**Aim of the exercise**
Search the data for the string "World" and copy each line where it turns up.
◇ ◇ ◇ ◇ ◇ ◇ ◇
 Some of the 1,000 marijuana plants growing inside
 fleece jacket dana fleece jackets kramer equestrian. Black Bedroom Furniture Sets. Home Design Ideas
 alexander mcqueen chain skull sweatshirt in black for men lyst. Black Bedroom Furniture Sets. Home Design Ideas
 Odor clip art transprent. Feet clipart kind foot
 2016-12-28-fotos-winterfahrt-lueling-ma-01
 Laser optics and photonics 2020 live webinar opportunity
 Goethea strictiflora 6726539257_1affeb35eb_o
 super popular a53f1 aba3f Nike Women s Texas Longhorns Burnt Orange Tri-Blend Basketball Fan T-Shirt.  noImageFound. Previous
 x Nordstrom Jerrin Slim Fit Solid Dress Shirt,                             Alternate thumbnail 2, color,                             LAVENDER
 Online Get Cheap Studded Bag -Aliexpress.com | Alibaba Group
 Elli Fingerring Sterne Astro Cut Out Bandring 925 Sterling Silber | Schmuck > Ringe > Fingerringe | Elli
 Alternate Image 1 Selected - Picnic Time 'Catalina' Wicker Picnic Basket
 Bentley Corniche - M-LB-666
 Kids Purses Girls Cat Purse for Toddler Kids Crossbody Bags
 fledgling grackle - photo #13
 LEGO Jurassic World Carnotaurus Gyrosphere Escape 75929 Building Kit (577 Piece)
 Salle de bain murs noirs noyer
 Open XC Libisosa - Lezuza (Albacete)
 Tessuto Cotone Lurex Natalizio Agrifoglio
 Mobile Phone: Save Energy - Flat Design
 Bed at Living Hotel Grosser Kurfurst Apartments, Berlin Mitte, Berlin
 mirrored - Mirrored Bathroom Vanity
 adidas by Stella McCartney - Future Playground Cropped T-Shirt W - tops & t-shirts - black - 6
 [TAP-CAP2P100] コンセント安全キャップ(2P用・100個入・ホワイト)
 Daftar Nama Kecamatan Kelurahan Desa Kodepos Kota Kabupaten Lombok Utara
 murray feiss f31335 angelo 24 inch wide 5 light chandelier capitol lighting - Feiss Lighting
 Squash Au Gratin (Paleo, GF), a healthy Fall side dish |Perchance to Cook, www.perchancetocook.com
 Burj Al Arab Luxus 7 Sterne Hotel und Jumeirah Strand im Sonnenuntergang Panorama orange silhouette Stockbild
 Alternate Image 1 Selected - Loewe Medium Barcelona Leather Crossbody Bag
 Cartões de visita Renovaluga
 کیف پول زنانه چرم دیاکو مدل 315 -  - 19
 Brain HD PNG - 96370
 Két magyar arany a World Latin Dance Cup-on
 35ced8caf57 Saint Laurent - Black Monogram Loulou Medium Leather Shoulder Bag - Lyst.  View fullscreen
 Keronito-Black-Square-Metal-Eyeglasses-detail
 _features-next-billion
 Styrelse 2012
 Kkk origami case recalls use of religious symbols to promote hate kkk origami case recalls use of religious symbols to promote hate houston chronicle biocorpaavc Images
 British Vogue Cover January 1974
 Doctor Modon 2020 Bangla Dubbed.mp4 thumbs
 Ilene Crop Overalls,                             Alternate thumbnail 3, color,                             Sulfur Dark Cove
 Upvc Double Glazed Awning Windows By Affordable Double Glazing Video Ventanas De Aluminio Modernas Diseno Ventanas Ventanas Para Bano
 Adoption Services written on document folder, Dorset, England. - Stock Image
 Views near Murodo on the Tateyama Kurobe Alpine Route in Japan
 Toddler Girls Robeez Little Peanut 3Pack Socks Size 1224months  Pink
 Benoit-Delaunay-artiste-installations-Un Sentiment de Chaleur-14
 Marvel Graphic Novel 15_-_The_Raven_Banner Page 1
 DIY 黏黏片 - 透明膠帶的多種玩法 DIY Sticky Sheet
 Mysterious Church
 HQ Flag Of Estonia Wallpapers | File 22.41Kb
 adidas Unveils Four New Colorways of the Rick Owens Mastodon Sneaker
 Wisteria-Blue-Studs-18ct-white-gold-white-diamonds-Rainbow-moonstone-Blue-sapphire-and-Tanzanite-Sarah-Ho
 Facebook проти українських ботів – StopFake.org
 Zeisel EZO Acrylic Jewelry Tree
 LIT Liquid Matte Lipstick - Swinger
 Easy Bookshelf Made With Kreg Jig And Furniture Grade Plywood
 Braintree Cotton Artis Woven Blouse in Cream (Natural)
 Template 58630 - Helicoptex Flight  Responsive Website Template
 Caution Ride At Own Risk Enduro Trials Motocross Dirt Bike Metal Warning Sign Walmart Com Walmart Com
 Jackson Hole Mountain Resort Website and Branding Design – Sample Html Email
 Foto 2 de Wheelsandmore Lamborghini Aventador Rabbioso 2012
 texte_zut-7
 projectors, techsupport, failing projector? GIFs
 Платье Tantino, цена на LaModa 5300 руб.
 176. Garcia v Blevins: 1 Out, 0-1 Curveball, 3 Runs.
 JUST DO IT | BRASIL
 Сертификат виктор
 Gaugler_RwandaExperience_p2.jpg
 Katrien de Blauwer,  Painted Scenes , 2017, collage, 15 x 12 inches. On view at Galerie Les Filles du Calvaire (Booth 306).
◇ ◇ ◇ ◇ ◇ ◇ ◇
**Exercise solution**
 LEGO Jurassic World Carnotaurus Gyrosphere Escape 75929 Building Kit (577 Piece)
 Két magyar arany a World Latin Dance Cup-on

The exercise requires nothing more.